2 de mes enfants habitent Lyon ou presque, je vais les inviter à aller voir cette expo…
Nous avons retrouvé, mes frères et soeurs et moi, une feuille de tickets de rationnement de notre père (né en 25). Cette feuille datait de 1949: à Brest, en 1949, il y avait encore du rationnement…
L’art d’accommoder les restes, le refus du gaspillage, je crois que mes parents nous ont transmis ça sans nous angoisser avec le « manque possible » ou avec la « morale »
Je fais du pain perdu, des gratins… des compotes avec les fruits qui commencent à être moins appétissants. C’est vrai que je n’aime pas jeter.
Maintenant, les restes sont au moins compostés s’ils ne peuvent être accommodés.
@Geneviève merci beaucoup pour ce retour ! et vous me faites penser que je vais ajouter une ou deux phrases sur un aspect important que j’ai omis, le rationnement ne s’est pas arrêté avec la fin de la guerre…
l’expo a l’air très intéressante et dans ces temps de surabondance cela fait réfléchir. Ma mère qui est née en 30 a connu la guerre, les privations et les tickets de rationnement. D’après elle cela a été nettement plus dur après la guerre, à la libération que pendant la guerre. Oui les allemands mangeaient toutes les pommes de terre d’où leur surnom de « Doryphore ». Enter elle et ses 2 frères, il y avait des « tours » pour lécher ou saucer les plats. ET évidemment rien n’était jeté, et le morceau de sucre était une fête et les américains avec leurs barres de chocolat et chewing gum ont été largement applaudis. Elle m’a transmis le souci de ne rien jeter et d’accommoder les restes et également de ne pas prévoir des portions gigantesques par personne ! Quand je vois à certains barbecues la quantité de viande grillée par personne, je suis effarée.
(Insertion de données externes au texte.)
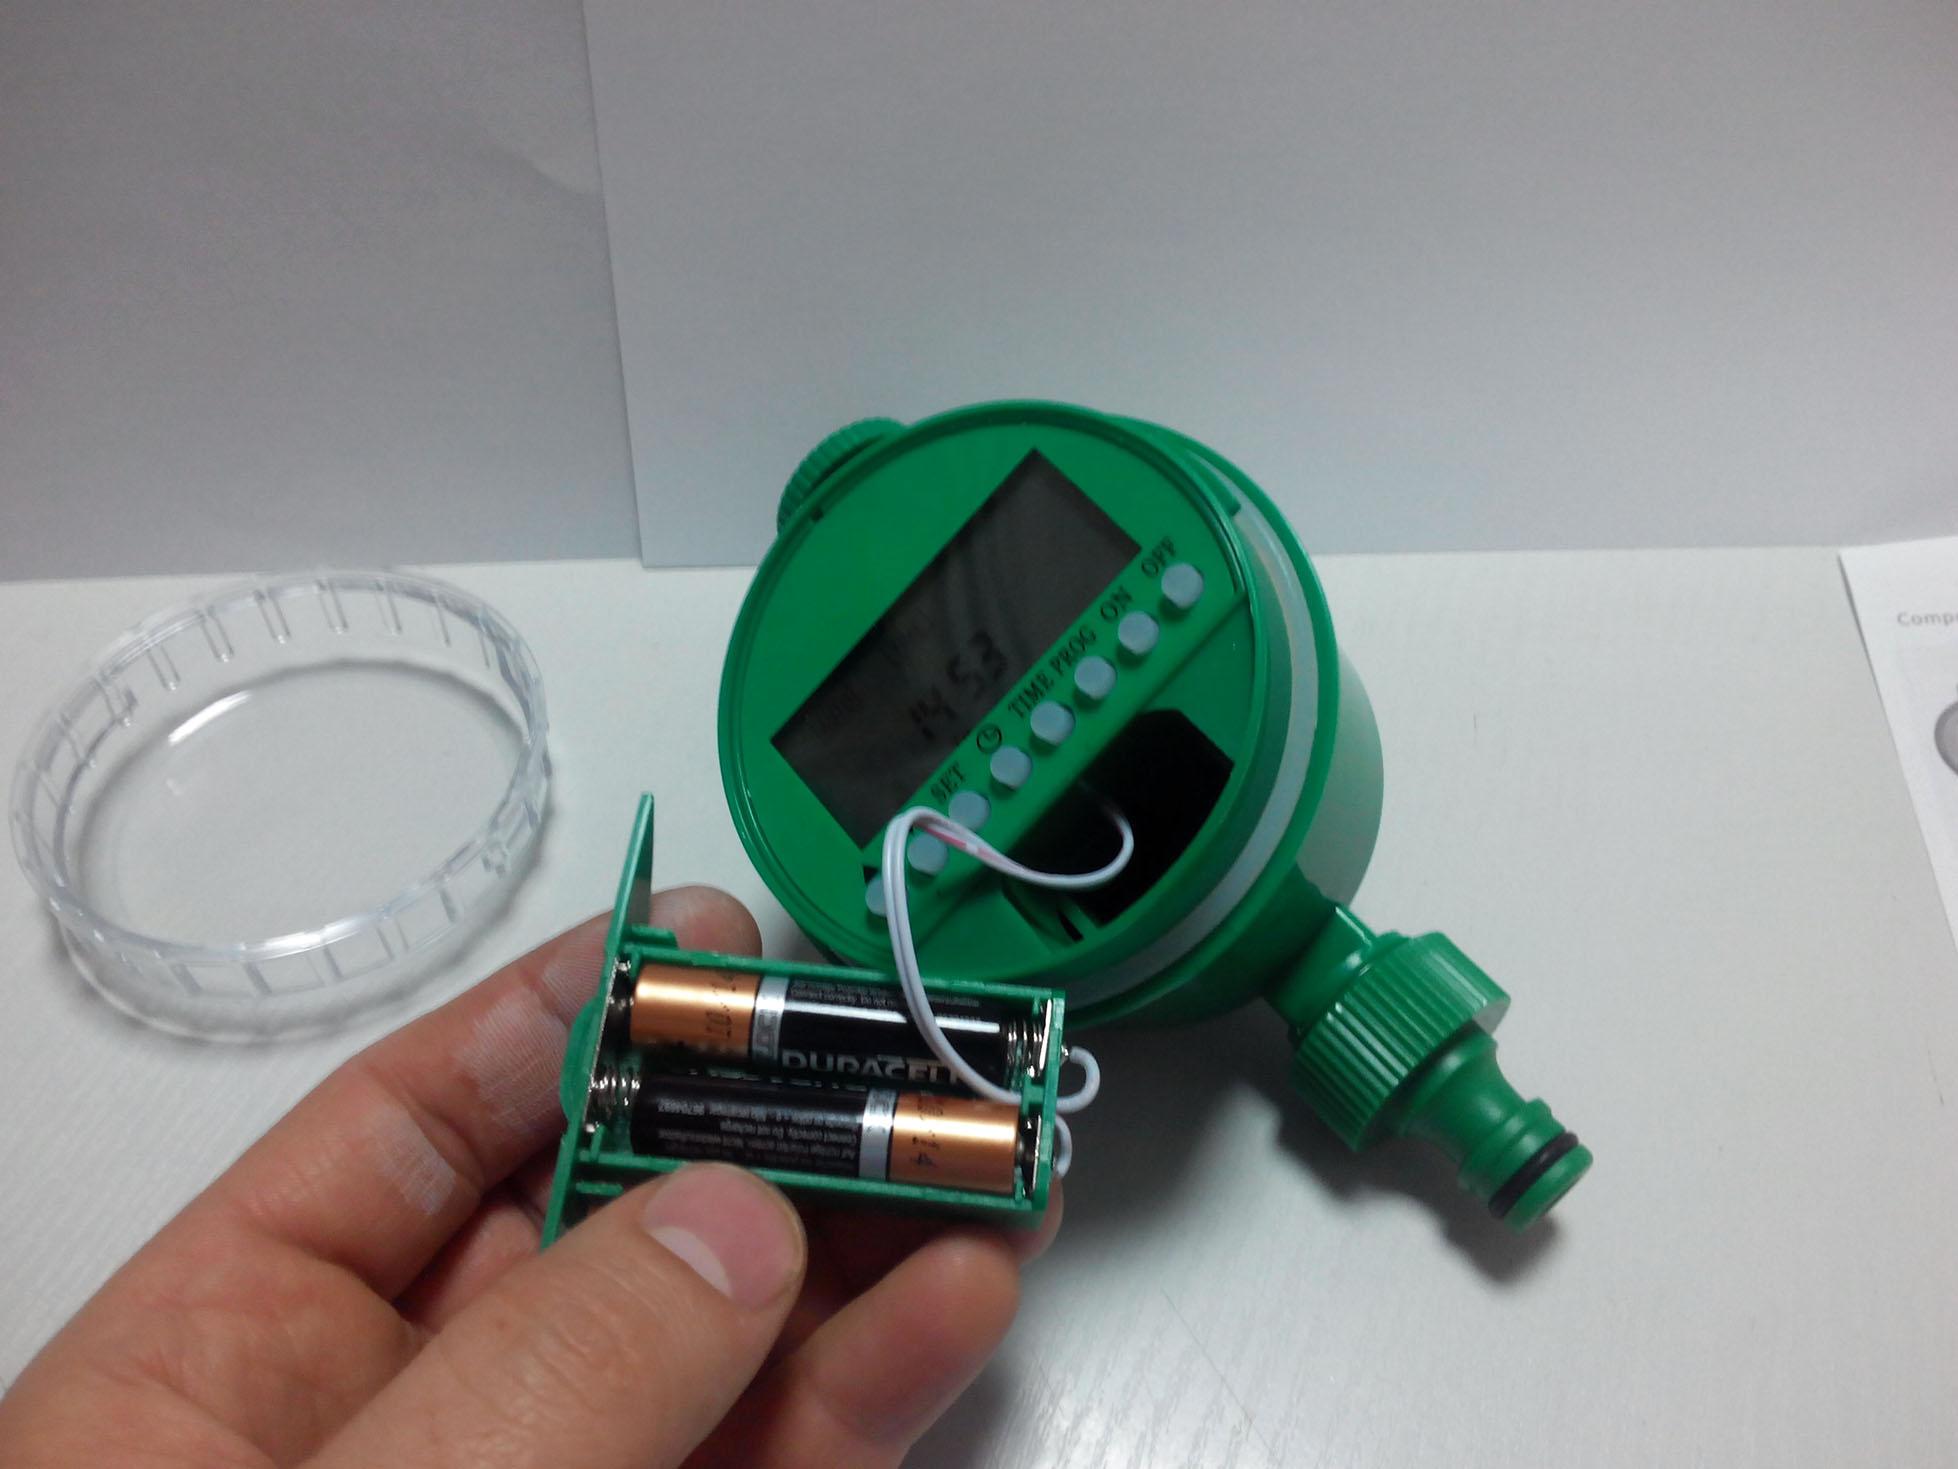 Этот таймер работает от двух пальчиковых батареек
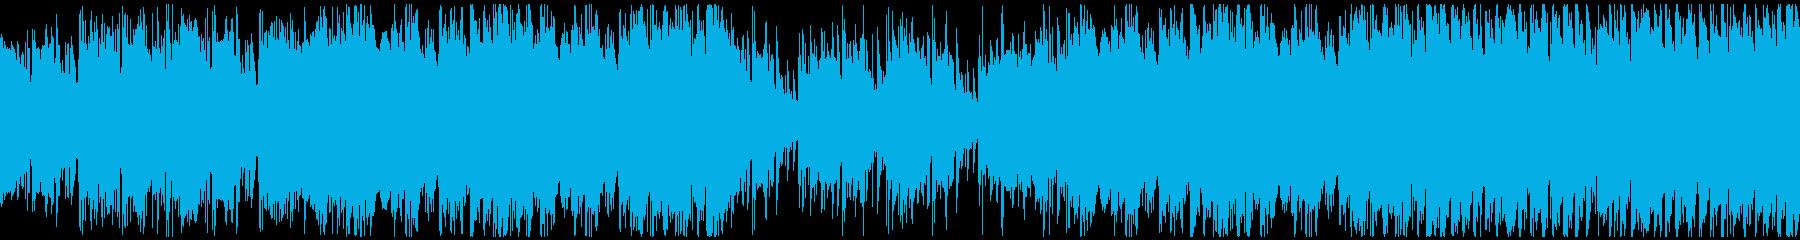 穏やかな日常・カントリー・ループの再生済みの波形

@ln22 merci de ce partage, voilà une sage transmission même si l’origine ne fut pas facile
Mes parents nés dans les années 30 ont vécu le rationnement, mais comme ils vivaient à la campagne, à part le mauvais goût des rutabagas et autres topinambours, ils ne se souviennent pas d’avoir eu faim. Par contre, ma grand-mère du côté maternel a déployé beaucoup d’ingéniosité pour habiller ses enfants en recyclant les vêtements et chaussures.
Je garde cette idée de ne pas gâcher, je jette très rarement de la nourriture, je composte ce que je ne peux plus utiliser, et je donne quelques déchets aux oiseaux du jardin.